US 12,347,135 B2
	Generating gesture reenactment video from video motion graphs using machine learning
Yang Zhou, Sunnyvale, CA (US); Jimei Yang, Mountain View, CA (US); Jun Saito, Seattle, WA (US); Dingzeyu Li, Seattle, WA (US); and Deepali Aneja, Seattle, WA (US)
Assigned to Adobe Inc., San Jose, CA (US)
Filed by Adobe Inc., San Jose, CA (US)
Filed on Nov. 14, 2022, as Appl. No. 18/055,310.
Prior Publication US 2024/0161335 A1, May 16, 2024
Int. Cl. G06K 9/00 (2022.01); G06F 16/683 (2019.01); G06F 40/242 (2020.01); G06T 7/207 (2017.01); G06T 7/73 (2017.01)

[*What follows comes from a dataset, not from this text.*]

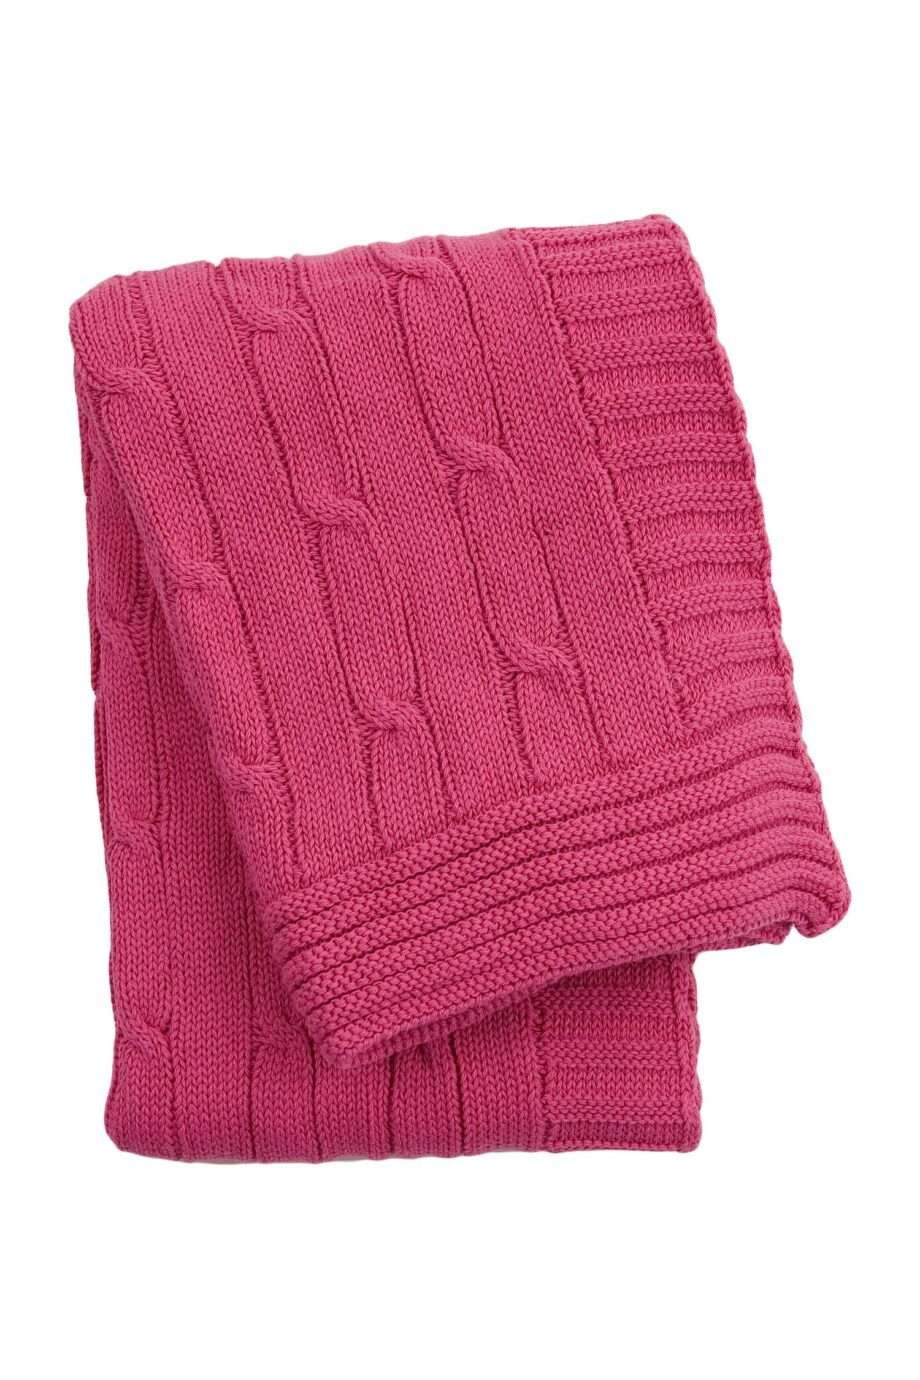 twist pink knitted cotton little blanket medium

CPC G06T 7/73 (2017.01) [G06F 16/685 (2019.01); G06F 40/242 (2020.01); G06T 7/207 (2017.01)]

17 Claims

1. A method comprising:

receiving a first input including a reference speech video, the reference speech video including a reference video sequence paired with a reference audio sequence;

generating a video motion graph representing the reference speech video, wherein each node of the video motion graph is associated with a frame of the reference video sequence and reference audio features of the reference audio sequence;

receiving a second input including a target audio sequence;

identifying a node path through the video motion graph based on target audio features and the reference audio features; and

generating an output media sequence, the output media sequence including an output video sequence generated based on the identified node path through the video motion graph paired with the target audio sequence, including blending, by a trained neural network, frames of the reference video associated with one or more nodes surrounding pairs of consecutive nodes in the identified node path that are non-consecutive nodes in the video motion graph.